1. 15 Feb, 2015 9 commits
  2. 13 Feb, 2015 2 commits
  3. 12 Feb, 2015 12 commits
  4. 11 Feb, 2015 17 commits
    • David S. Miller's avatar
      Merge branch 'rco_correctness' · 777b3e93
      David S. Miller authored
      Tom Herbert says:
      
      ====================
      net: Fixes to remote checksum offload and CHECKSUM_PARTIAL
      
      This patch set fixes a correctness problem with remote checksum
      offload, clarifies the meaning of CHECKSUM_PARTIAL, and allows
      remote checksum offload to set CHECKSUM_PARTIAL instead of
      calling csum_partial and modifying the checksum.
      
      Specifically:
        - In the GRO remote checksum path, restore the checksum after
          calling lower layer GRO functions. This is needed if the
          packet is forwarded off host with the Remote Checksum Offload
          option still present.
        - Clarify meaning of CHECKSUM PARTIAL in the receive path. Only
          the checksums referred to by checksum partial and any preceding
          checksums can be considered verified.
        - Fixes to UDP tunnel GRO complete. Need to set SKB_GSO_UDP_TUNNEL_*,
          SKB_GSO_TUNNEL_REMCSUM, and skb->encapsulation for forwarding
          case.
        - Infrastructure to allow setting of CHECKSUM_PARTIAL in remote
          checksum offload. This a potential performance benefit instead
          of calling csum_partial (potentially twice, once in GRO path
          and once in normal path). The downside of using CHECKSUM_PARTIAL
          and not actually writing the checksum is that we aren't verifying
          that the sender correctly wrote the pseudo checksum into the
          checksum field, or that the start/offset values actually point
          to a checksum. If the sender did not set up these fields correctly,
          a packet might be accepted locally, but not accepted by a peer
          when the packet is forwarded off host. Verifying these fields
          seems non-trivial, and because the fields can only be incorrect
          due to sender error and not corruption (outer checksum protects
          against that) we'll make use of CHECKSUM_PARTIAL the default. This
          behavior can be reverted as an netlink option on the encapsulation
          socket.
        - Change VXLAN and GUE to set CHECKSUM_PARTIAL in remote checksum
          offload by default, configuration hooks can revert to using
          csum_partial.
      
      Testing:
      
      I ran performance numbers using netperf TCP_STREAM and TCP_RR with 200
      streams for GRE/GUE and for VXLAN. This compares before the fixes,
      the fixes with not setting checksum partial in remote checksum offload,
      and with the fixes setting checksum partial.
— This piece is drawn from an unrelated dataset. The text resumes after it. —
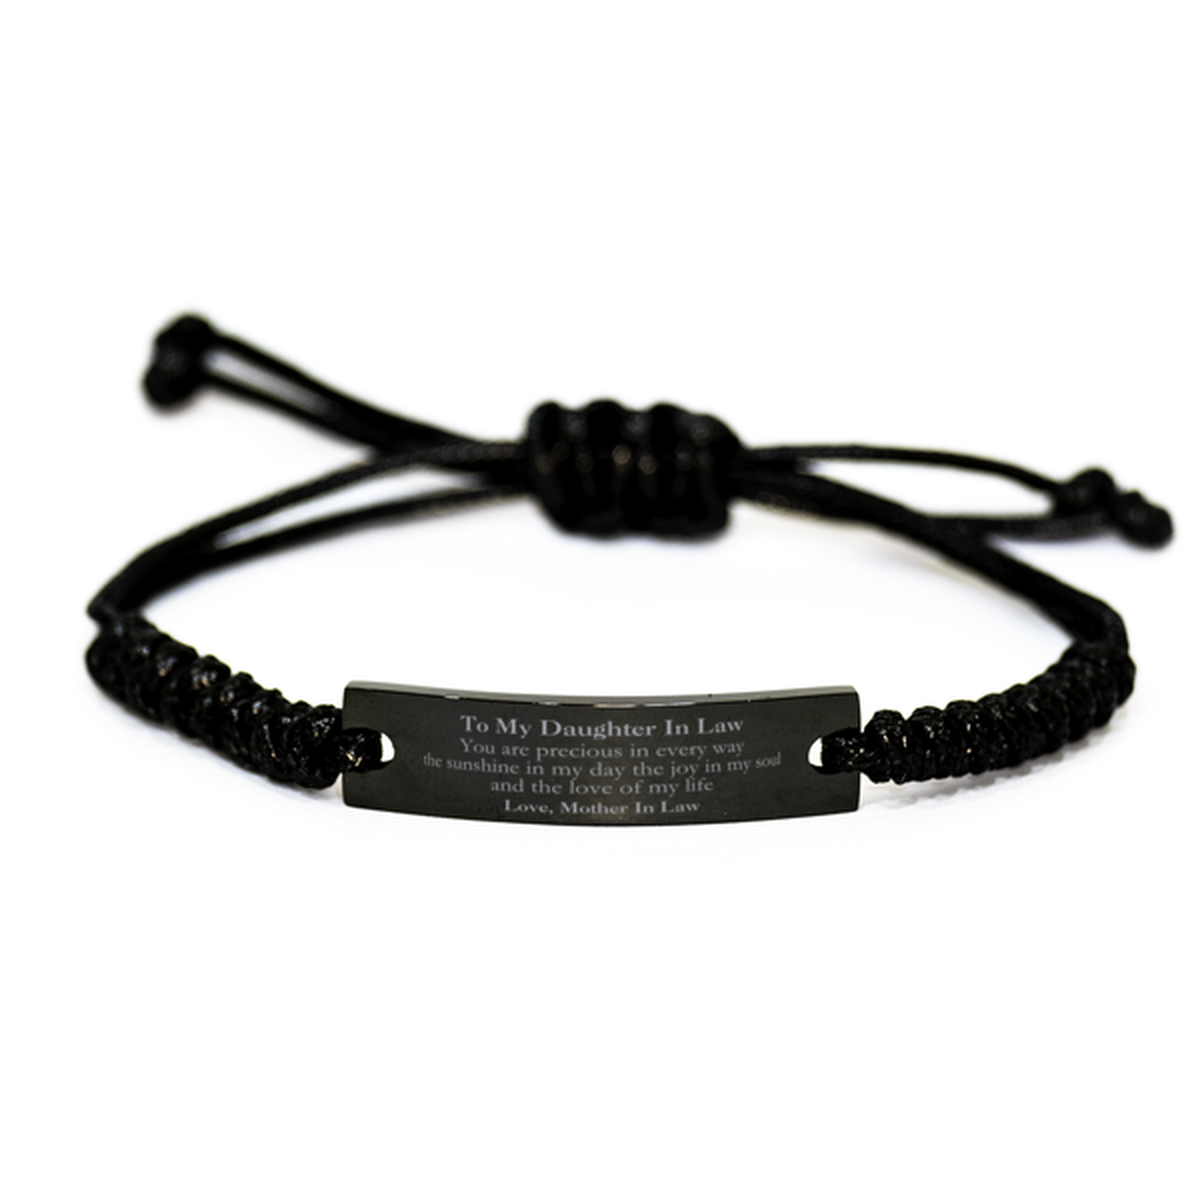 Graduation Gifts for Daughter In Law Black Rope Bracelet Present from Mother In Law, Christmas Daughter In Law Birthday Gifts Daughter In Law You are precious in every way the sunshine in my day. Love, Mother In Law

The overall effect seems
      be that using checksum partial is a slight performance win, perf
      definitely shows a significant reduction of time in csum_partial on
      the receive CPUs.
      
      GRE/GUE
          TCP_STREAM
            Before fixes
              9.22% TX CPU utilization
              13.57% RX CPU utilization
              9133 Mbps
            Not using checksum partial
              9.59% TX CPU utilization
              14.95% RX CPU utilization
              9132 Mbps
            Using checksum partial
              9.37% TX CPU utilization
              13.89% RX CPU utilization
              9132 Mbps
          TCP_RR
            Before fixes
              CPU utilization
              159/251/447 90/95/99% latencies
              1.1462e+06 tps
            Not using checksum partial
              92.94% CPU utilization
              158/253/445 90/95/99% latencies
              1.12988e+06 tps
            Using checksum partial
              92.78% CPU utilization
              158/250/450 90/95/99% latencies
              1.15343e+06 tps
      
      VXLAN
          TCP_STREAM
            Before fixes
              9.24% TX CPU utilization
              13.74% RX CPU utilization
              9093 Mbps
            Not using checksum partial
              9.95% TX CPU utilization
              14.66% RX CPU utilization
              9094 Mbps
            Using checksum partial
              10.24% TX CPU utilization
              13.32% RX CPU utilization
              9093 Mbps
          TCP_RR
            Before fixes
              92.91% CPU utilization
              151/241/437 90/95/99% latencies
              1.15939e+06 tps
            Not using checksum partial
              93.07% CPU utilization
              156/246/425 90/95/99% latencies
              1.1451e+06 tps
            Using checksum partial
              95.51% CPU utilization
              156/249/459 90/95/99% latencies
              1.17004e+06 tps
      ====================
      Signed-off-by: default avatarDavid S. Miller <davem@davemloft.net>
      777b3e93
    • Tom Herbert's avatar
      gue: Use checksum partial with remote checksum offload · fe881ef1
      Tom Herbert authored
      Change remote checksum handling to set checksum partial as default
      behavior. Added an iflink parameter to configure not using
      checksum partial (calling csum_partial to update checksum).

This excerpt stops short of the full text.